Analysis of inversions across datasets and protein-coding genes
We used the Bedtools (v2.30.0) [33] intersect function with the fraction option 0.5 to detect the overlap between inversion locations in different datasets. Bedtools intersect function takes a genomic feature as the first input and finds overlapped regions between another genomic feature as the second input. The fraction option 0.5 allows us to find the overlap, including at least 50% of the sequence length of inversions. We also implemented the Bedtools (v2.30.0) [33] intersect function with the default parameters to detect the overlap between inversions and protein-coding genes. The intersections between inversions and human protein-coding genes were classified into three distinct categories. In the first category (Gene-spanning), inversion breakpoints do not map to genes; in the second category (Gene-disrupting), at least one of the inversion breakpoints maps within a gene; in the third category (Intragenic), both inversion breakpoints map within a single gene (Fig. 1). Notably, majority of intragenic inversions affect a single intron (1356/1586) and tend to occur in larger introns (Supplementary Fig. 2A and B). Strikingly, the mean size of canonical introns intersecting with intragenic inversions are significantly larger compared to the mean size of all intronic regions of protein-coding genes (p-value < 2.2e−16, Wilcoxon test, Supplementary Fig. 2B and C). We included those types of inversion since they still have the potential of disrupt critical regulatory elements or functional motifs that significantly impact gene expression and function or alter splicing [34].
Enrichment analysis of the genes intersecting inversions
We performed gene set enrichment analysis with the protein-coding genes overlapping with inversions in categories of gene-disrupting and intragenic by applying Enrichr [35]. The list of the genes intersecting inversions in each intersection category was given as input to Enrichr [35]. Then, we reported the Human Phenotype Ontology (HPO) terms enriched by these genes.

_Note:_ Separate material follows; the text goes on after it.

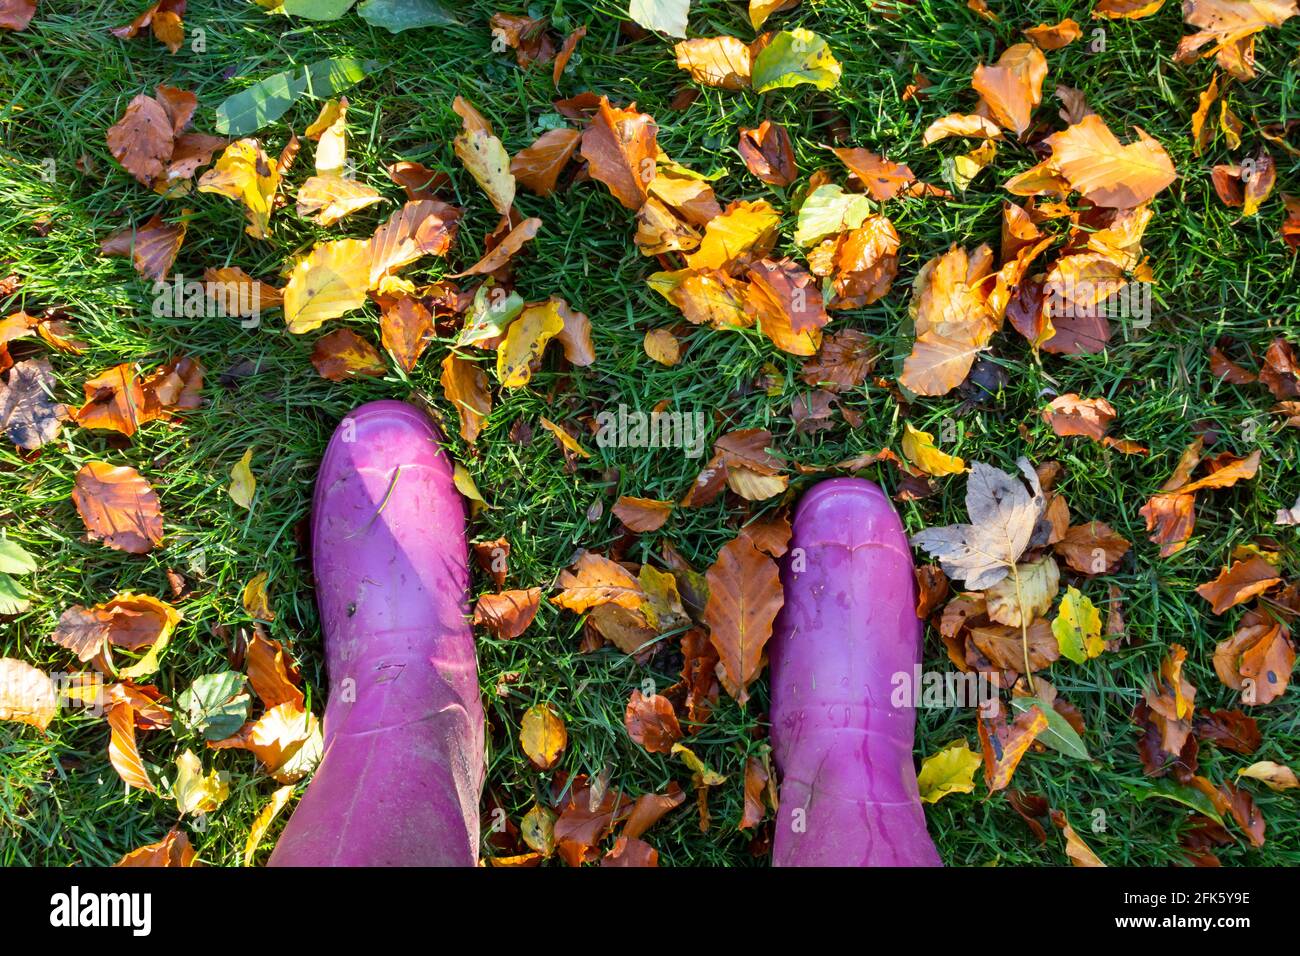 Feet wearing pink wellingtons standing on grass covered with fallen autumn leaves in Yorkshire, England. Stock Photo
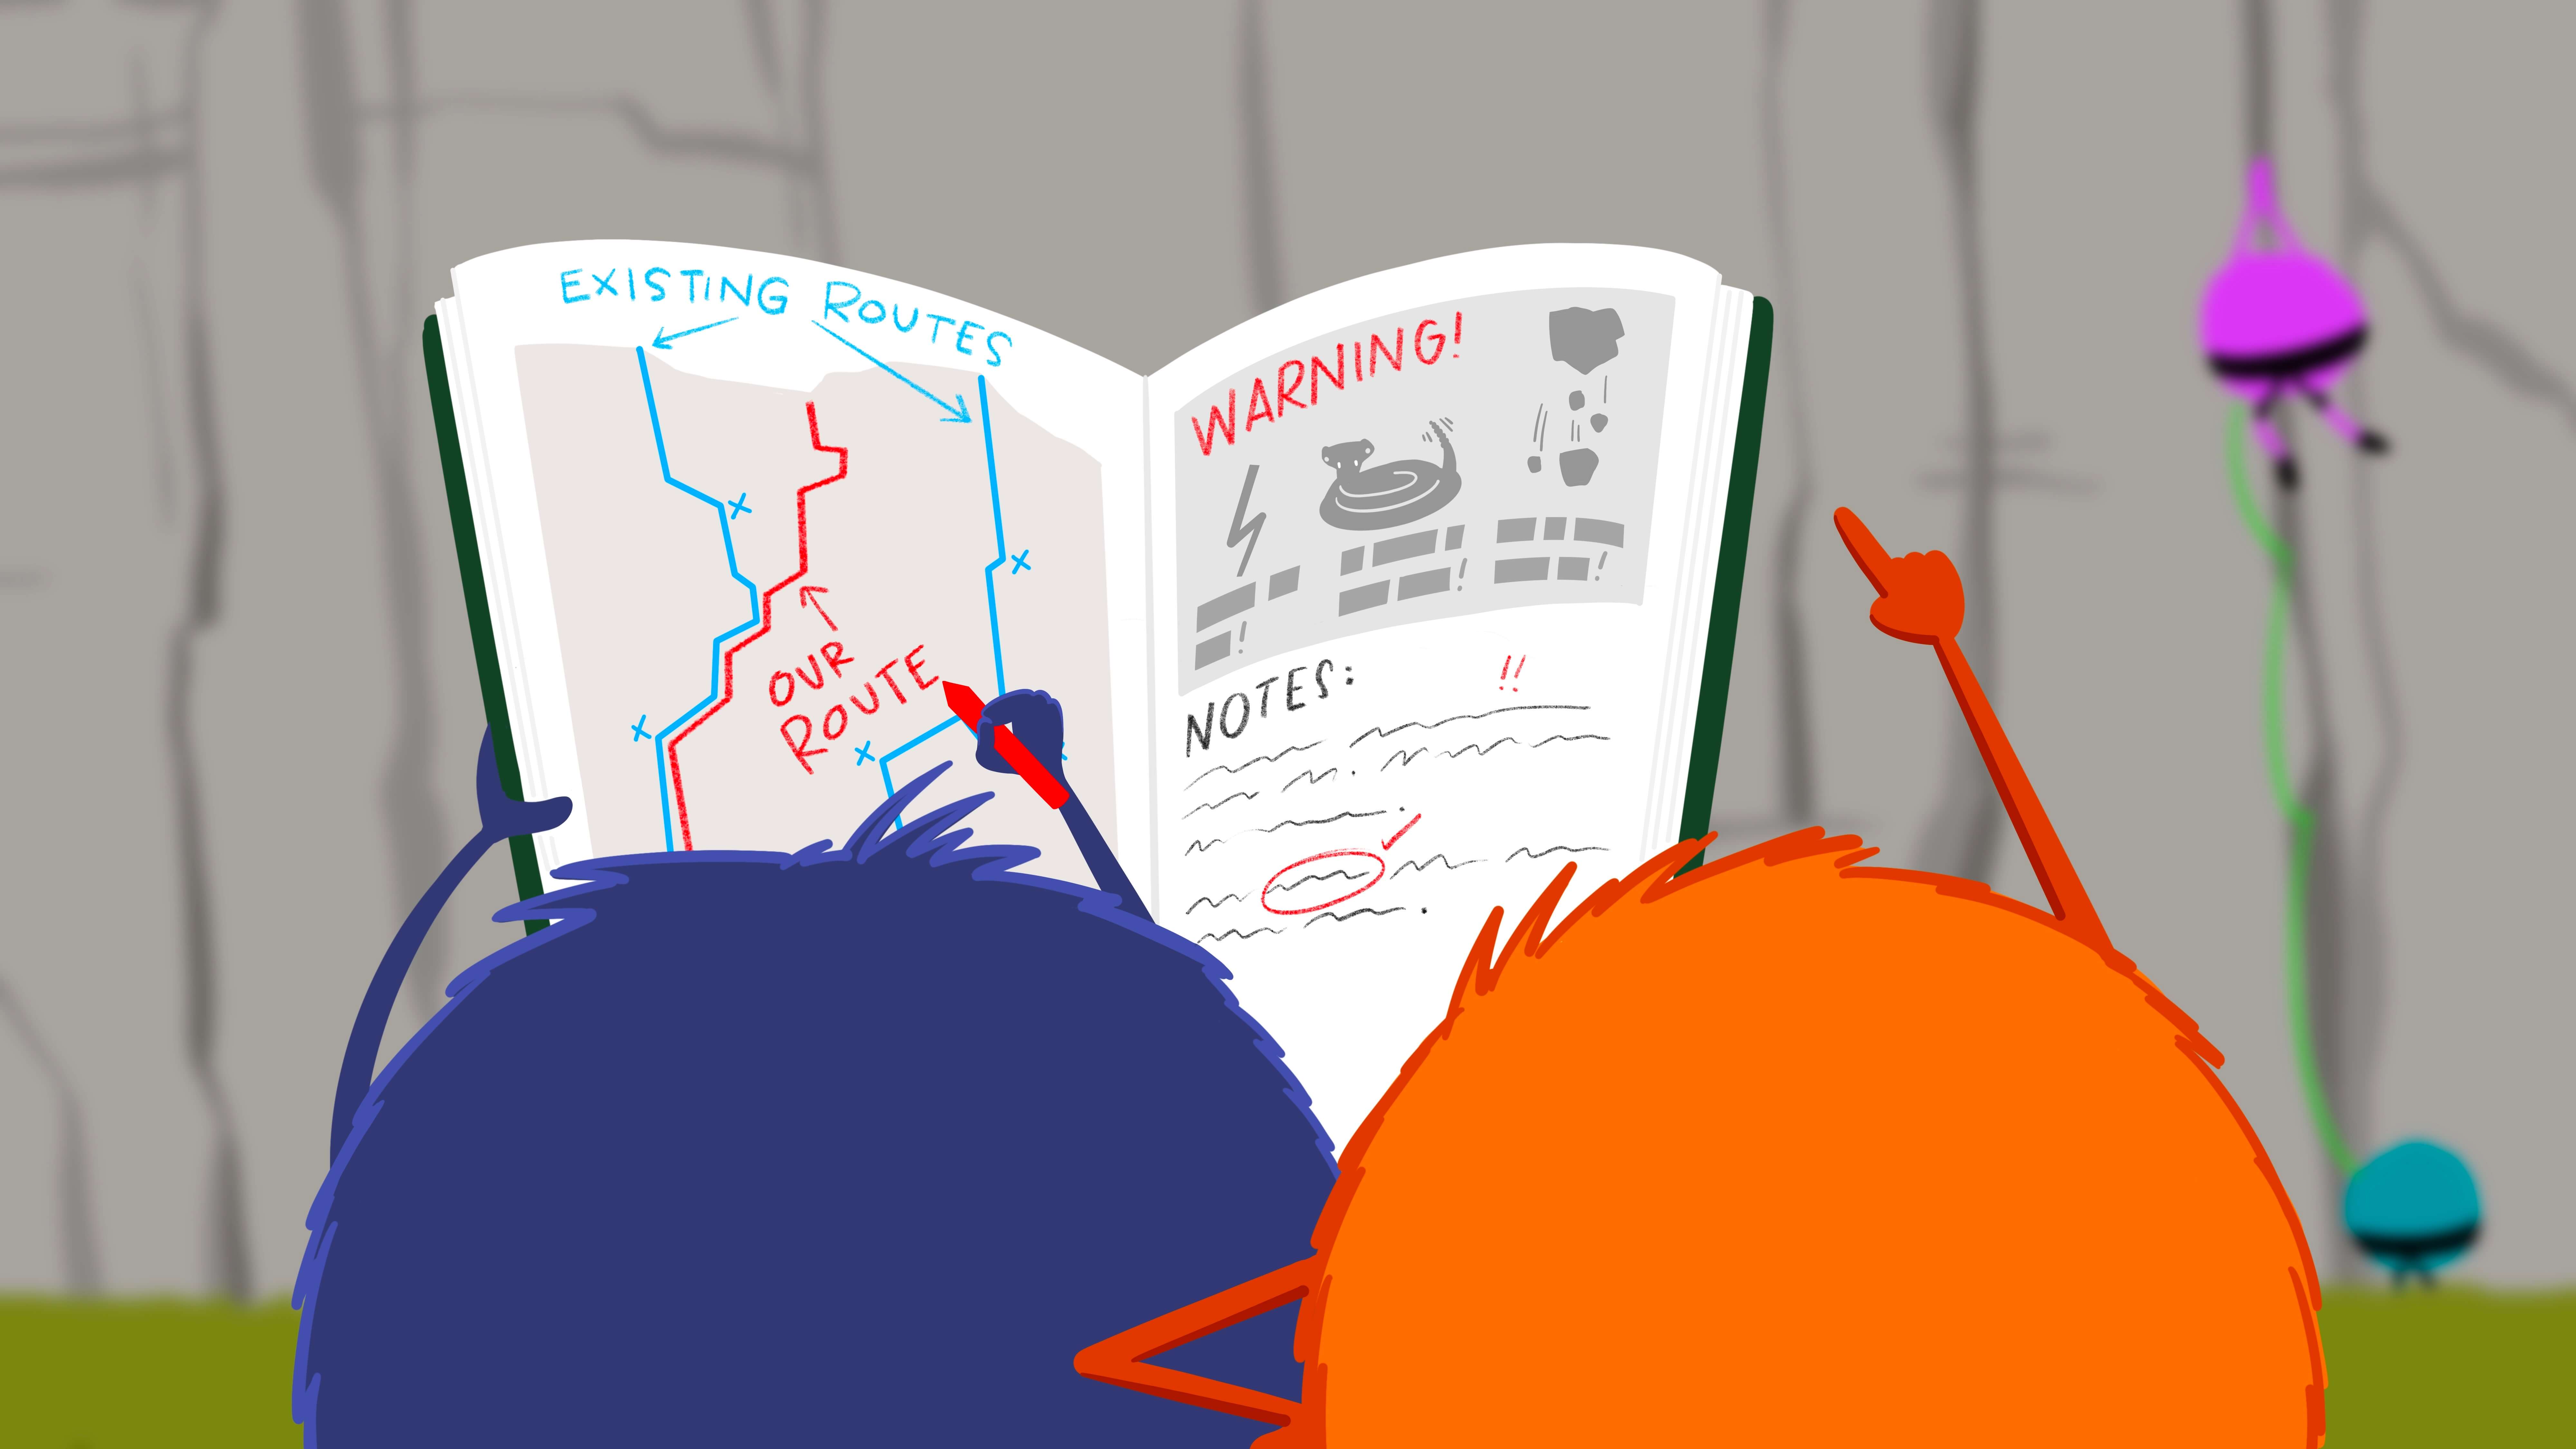 Two monsters consult a book with routes labeled

Prediction of long-range effect of gene-spanning inversions
We applied POSTRE [36] to the gene-spanning inversions intersecting protein-coding genes. We convert the inversion positions from hg38 to hg19 using the UCSC liftOver tool (https://genome.ucsc.edu/cgi-bin/hgLiftOver) since POSTRE [36] accepts SV data in hg19 with some predefined phenotype information (i.e. cardiovascular, head&neck, limbs, neurodevelopmental, vision&eye).
Computational analysis
Computational analyses were carried out using R (v.4.2.0) [37]. The plots were generated using the package ggplot2 [38] and the UpSet R package [39].
Results
A pathogenic UNC13D inversion is present in gnomAD
We identified an inversion accompanied by the canonical donor splice site SNV in UNC13D in SEA110 (Fig. 2 and Supplementary Fig. 3). The 253-kb inversion has been documented in individuals with Swedish ancestry and reported to cause FHL3 when inherited as homozygous or in trans with pathogenic SNVs and small indels in UNC13D [10, 11]. We observed an almost identical inversion reported in gnomAD at coordinates chr17:75576924-75829482 (INV_CHR17_66182818), which is present in 0.006345%, exclusively in heterozygous state in individuals from European Finnish and Admixed American populations (Supplementary fig. 4). The SEA110 inversion shows two breakpoint junctions with 111 (junction 1) and 23 (junction 2) nucleotides similarity generated by Alu-Alu mediated rearrangement (AAMR) (Fig. 2). Parental samples are not available to test for inheritance; therefore, we do not have information about ancestry and cannot investigate whether this inversion is the same reported in gnomAD (a potential founder event) or if it is a recurrent inversion generated independently via AAMR in this proband. Optical Genome Mapping supports the breakpoint junctions of the inversion obtained by Sanger sequencing. The detected inversion has multiple molecules spanning both breakpoints and several molecules spanning the entire inversion supporting the inversion call. Bionano solve software called the inversion as heterozygous, but lack of label density in UNC13D results in the exclusion of UNC13D from the called inversion. ONT sequencing was applied to confirm heterozygosity, and manual phasing indicated the pathogenic SNV and inversions are in trans (Supplementary Fig. 3B).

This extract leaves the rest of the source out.